Indeed, the Western tradition of vocal performance is powerful, even to someone like me who loves Chinese opera and Noh theater. A heroic premise is required to launch the voice into grand mode, and in our world, what’s heroic? The operatic form was created as entertainment for the European aristocracy that supported it. As a consequence, its stories revolve around values such as honor, pride, obedience and social status versus motives such as passion, anger, jealousy, revenge, cruelty. Some operas were downright political (Da Ponte for Mozart, Tosca, Fidelio) and they survive as such. But many humorless librettos border on the ridiculous, unlike Shakespearean theater which is actually existential – Hamlet still qualifies as a skull-loving punk. Grand opera was already out of date nearly a century ago, when the Marx Brothers released A Night at the Opera. I observe television commercials as a barometer of mass-media propaganda, and I noticed one recently featuring a fat lady on a balcony holding a high note, outlasted by… a pink piece of gum.

Between the heroic and the ridiculous, what is the place of grand opera in our modern sensibility? Strong emotion itself seems out of date. Emotion belongs with shrinks. It is something nasty, something that makes you dysfunctional, inefficient, disabled.

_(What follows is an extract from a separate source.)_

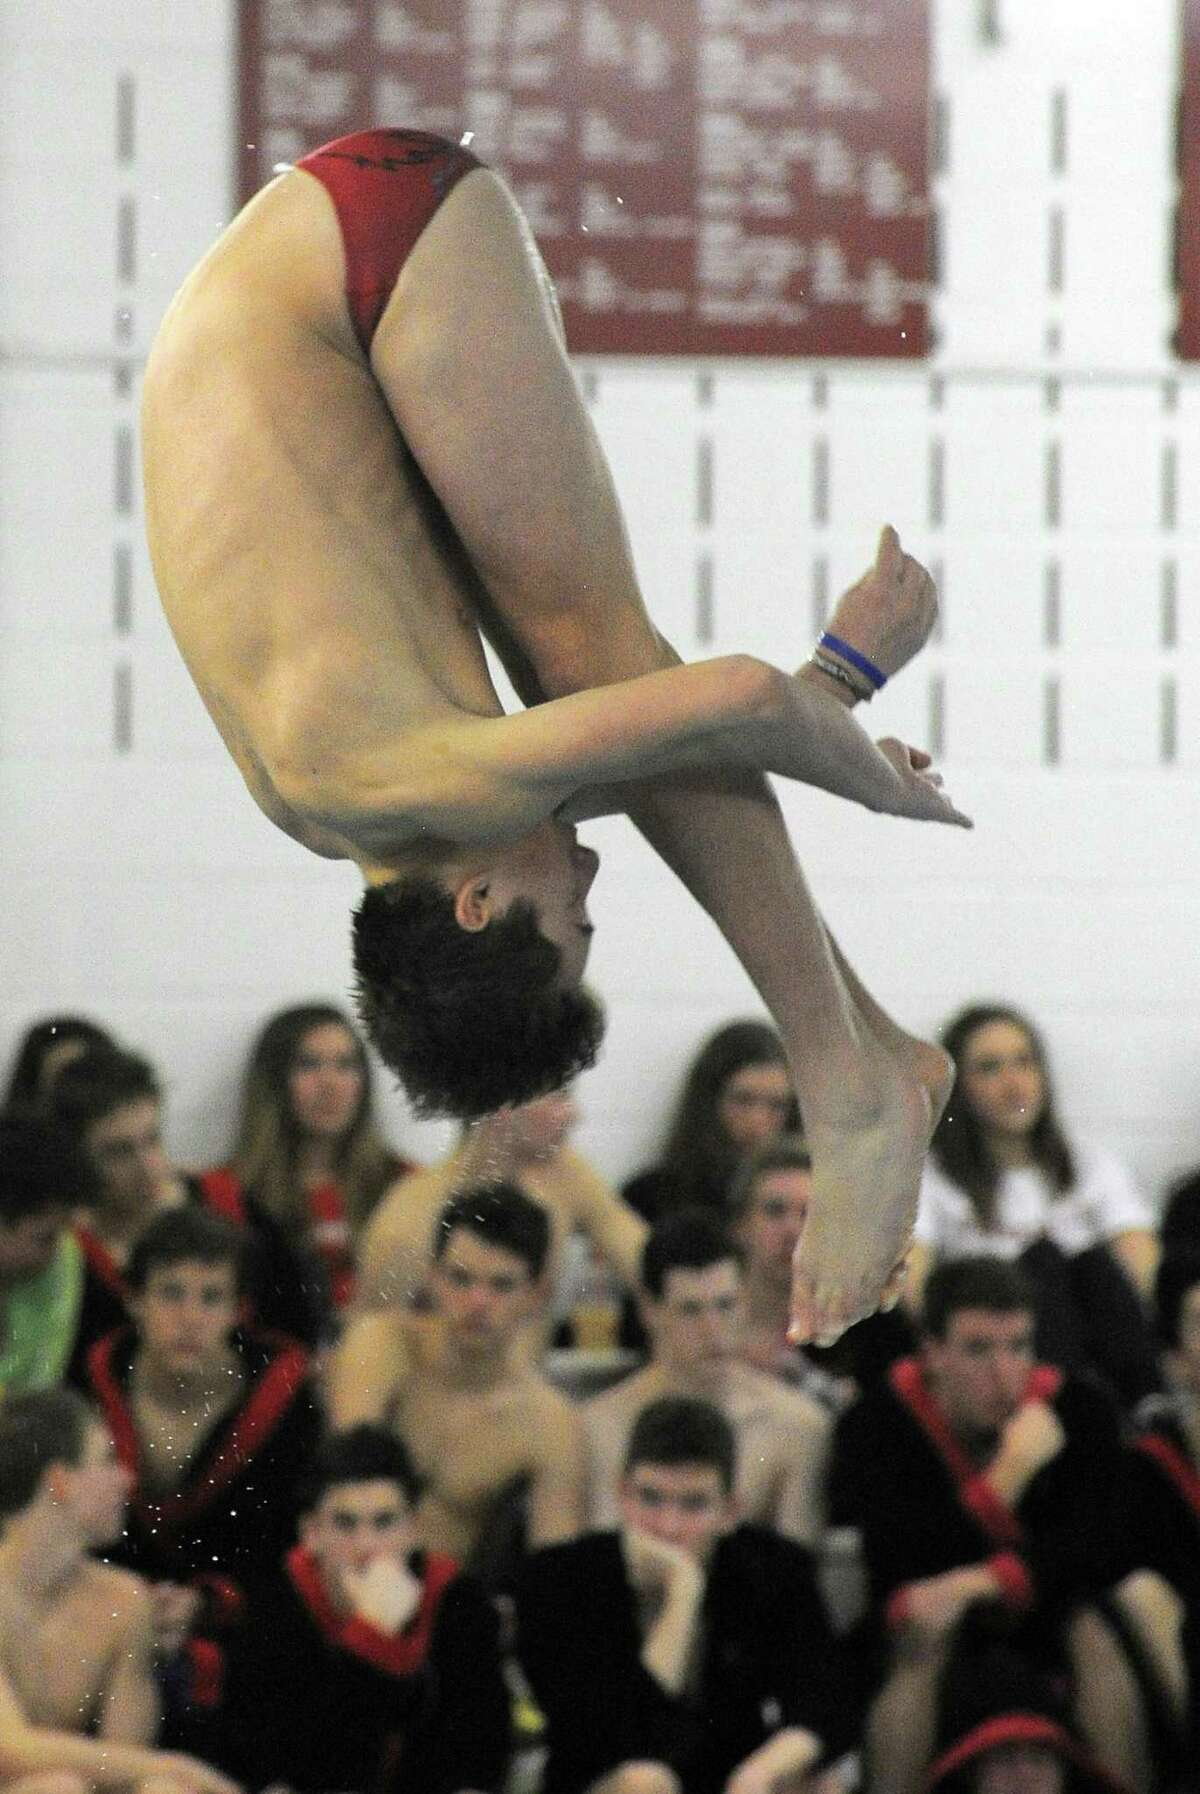 Greenwich Justin Sodokoff compete in the Diving Event in a non conference boys swim meet against Fairfield Prep at Greenwich High School on Jan. 28, 2017. Fairfield Prep defeated Greenwich 98-88.

As perceived in the mass media, our society is sentimental, not emotional. People will cry over a cat who saved its young from a fire (from a story on the news), but crimes of passion are in the realm of psychiatric evaluation. In our highly policed society, the heroes are the detectives, the crime scene investigators, the scientists, the doctors, rational-minded people who keep their emotions in check – not the people who commit violent crimes. The problem is, how does ‘just the facts Maam’ translate into heroic delivery?